* **What the exercise asks**:
Every line below needs to be printed again exactly, without any of its pictures.

* **Data provided**:
════

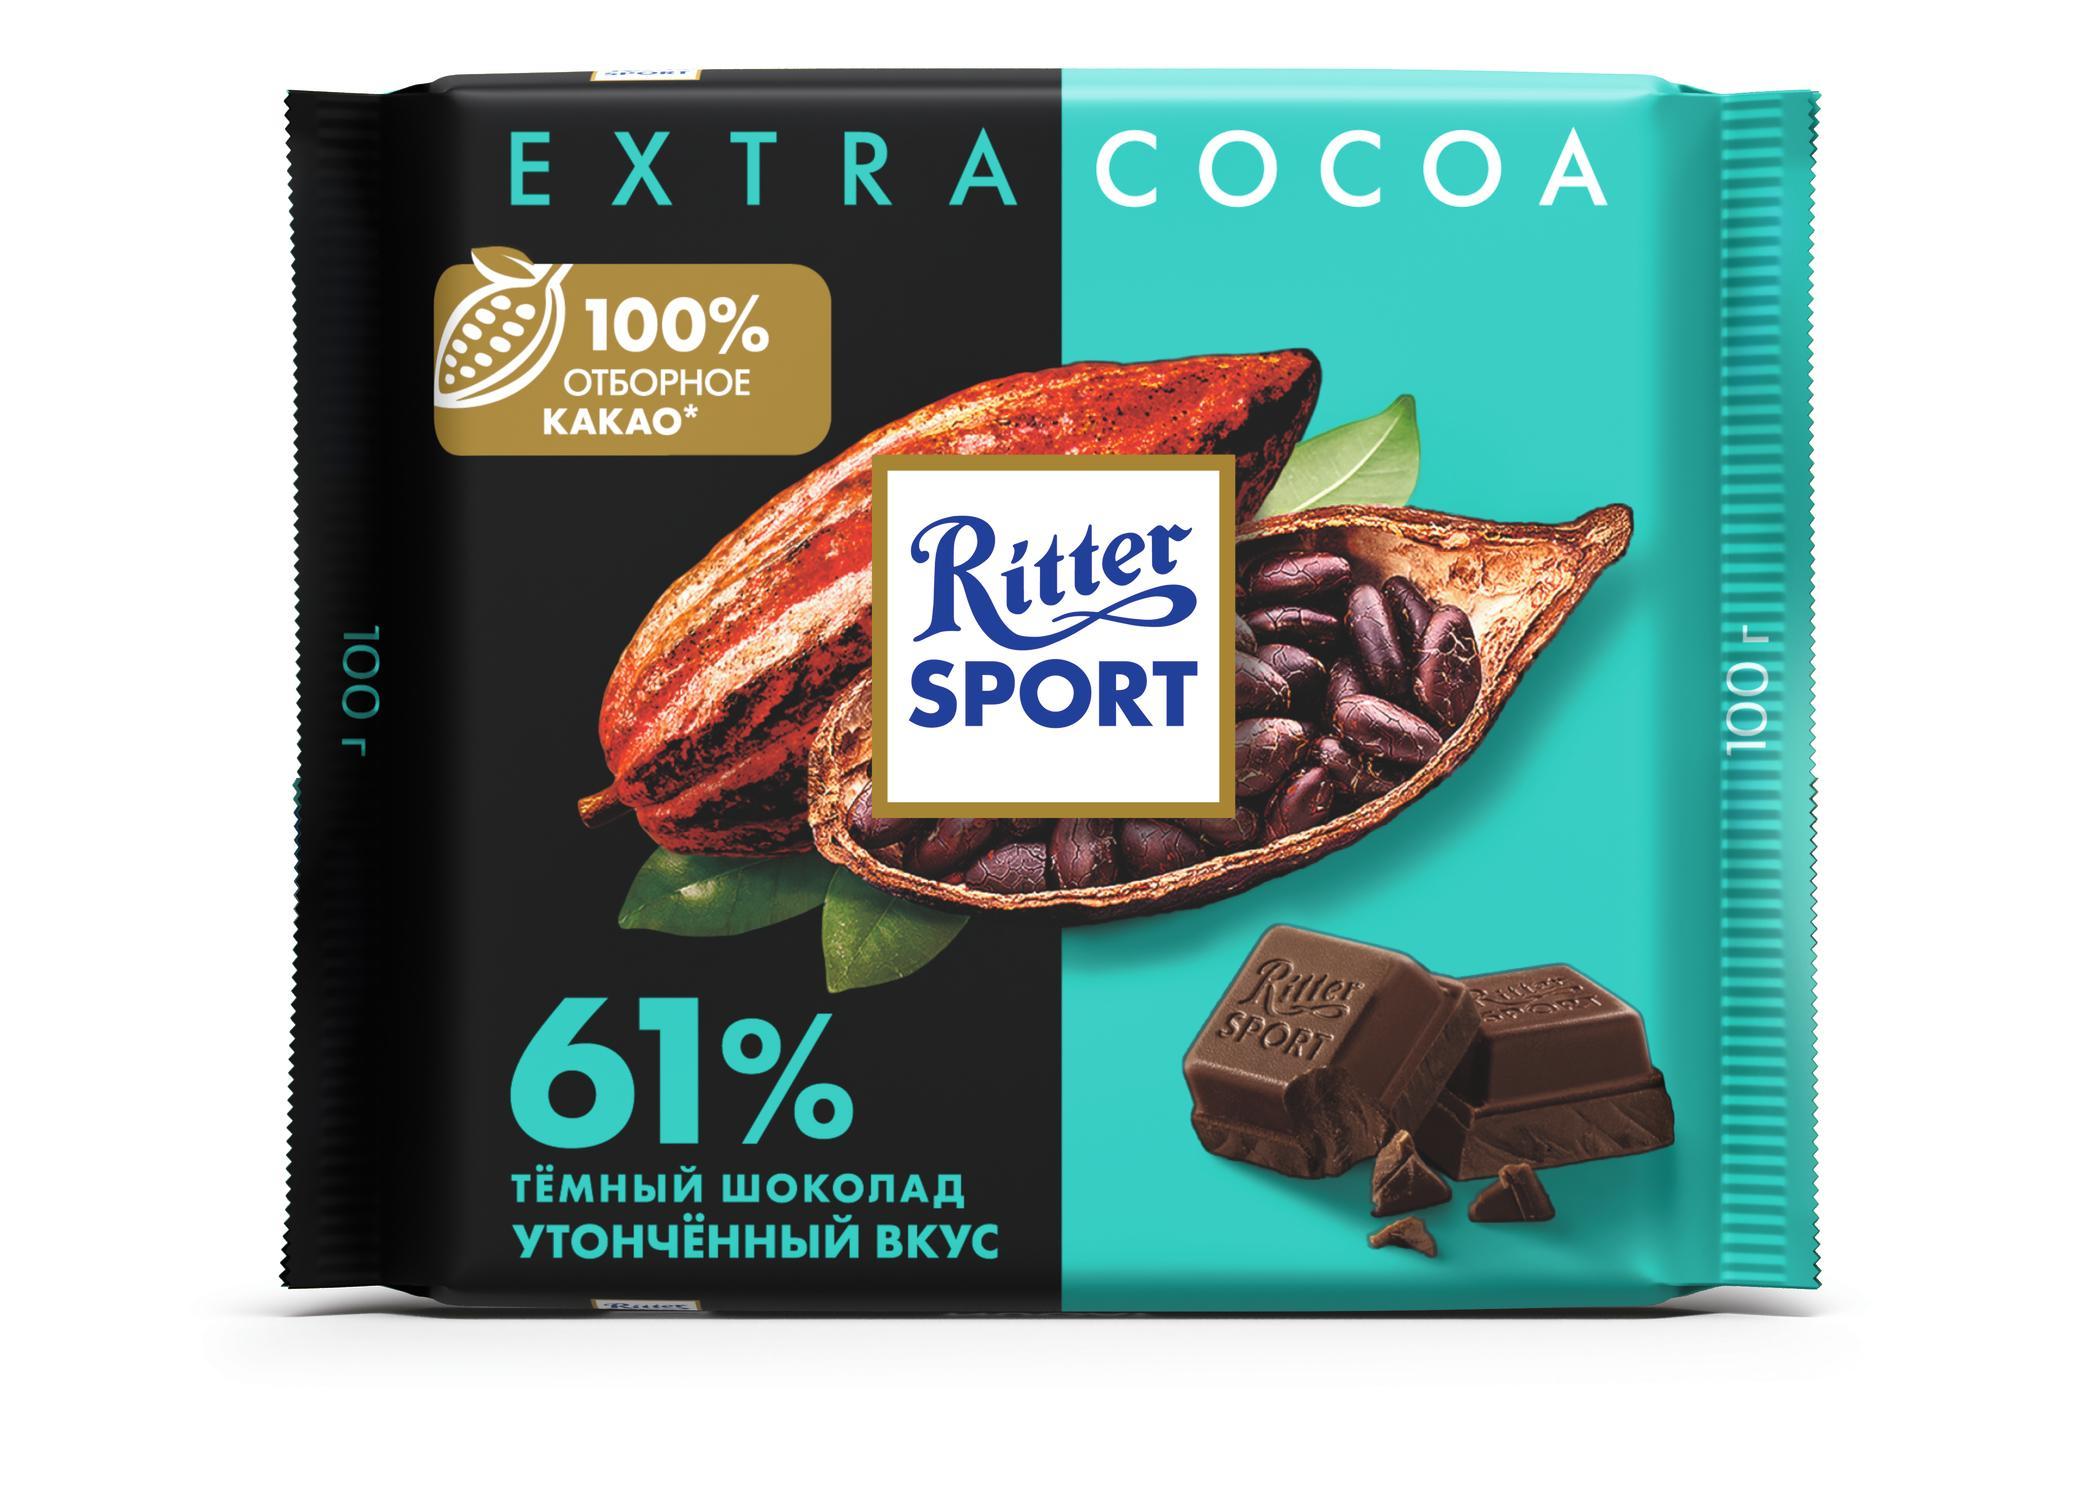 Шоколад Ritter Sport 61% какао темный с утонченным вкусом из Никарагуа 100 гр., флоу-пак
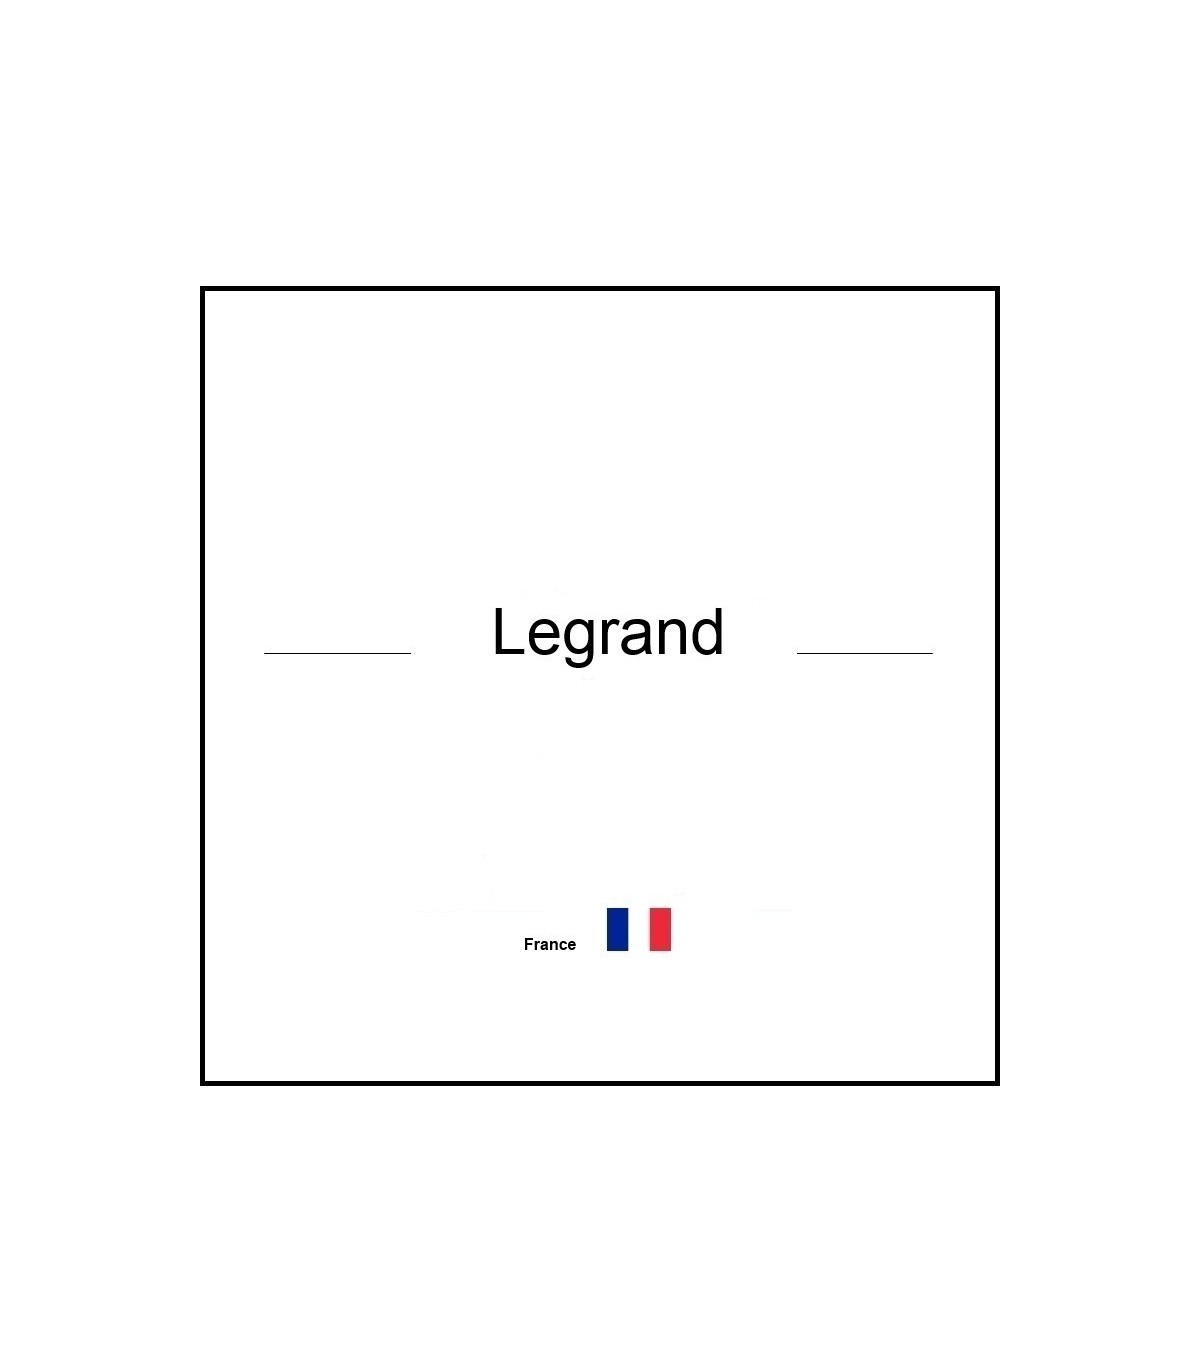 Télérupteur modulaire 16 A Legrand - Unipolaire silencieux 230 V - Legrand
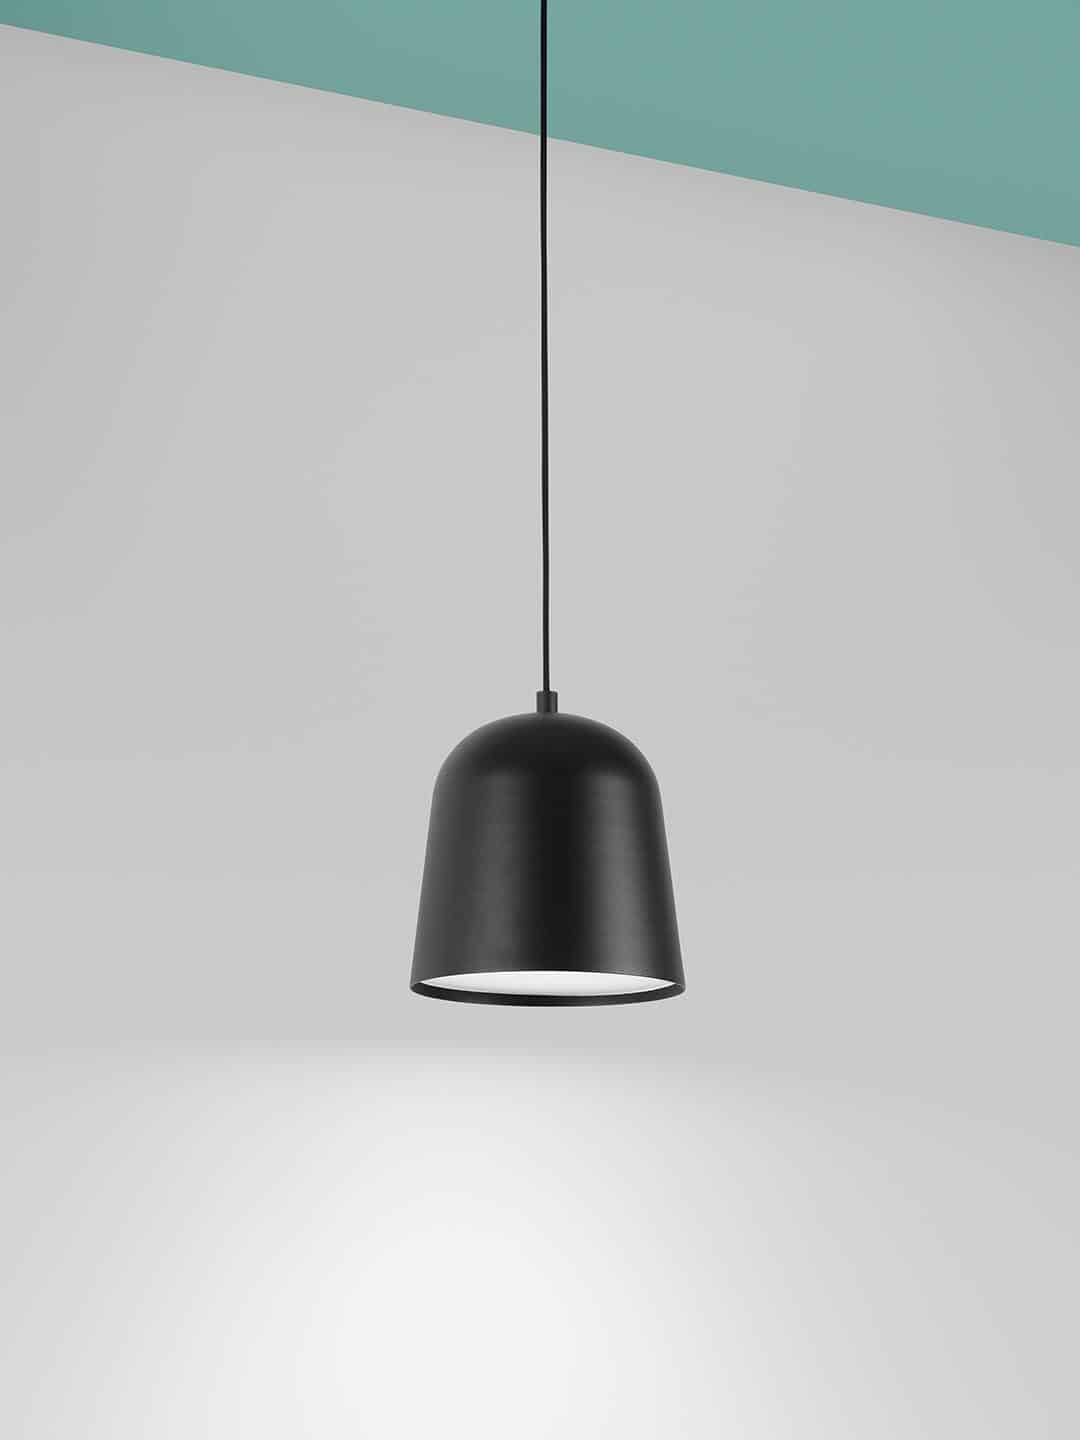 Скандинавский подвесной светильник Zero Lighting Convex Large черного цвета

════

* **Your solution**:
 Шоколад Ritter Sport 61% какао темный с утонченным вкусом из Никарагуа 100 гр., флоу-пак
 Télérupteur modulaire 16 A Legrand - Unipolaire silencieux 230 V - Legrand
 Скандинавский подвесной светильник Zero Lighting Convex Large черного цвета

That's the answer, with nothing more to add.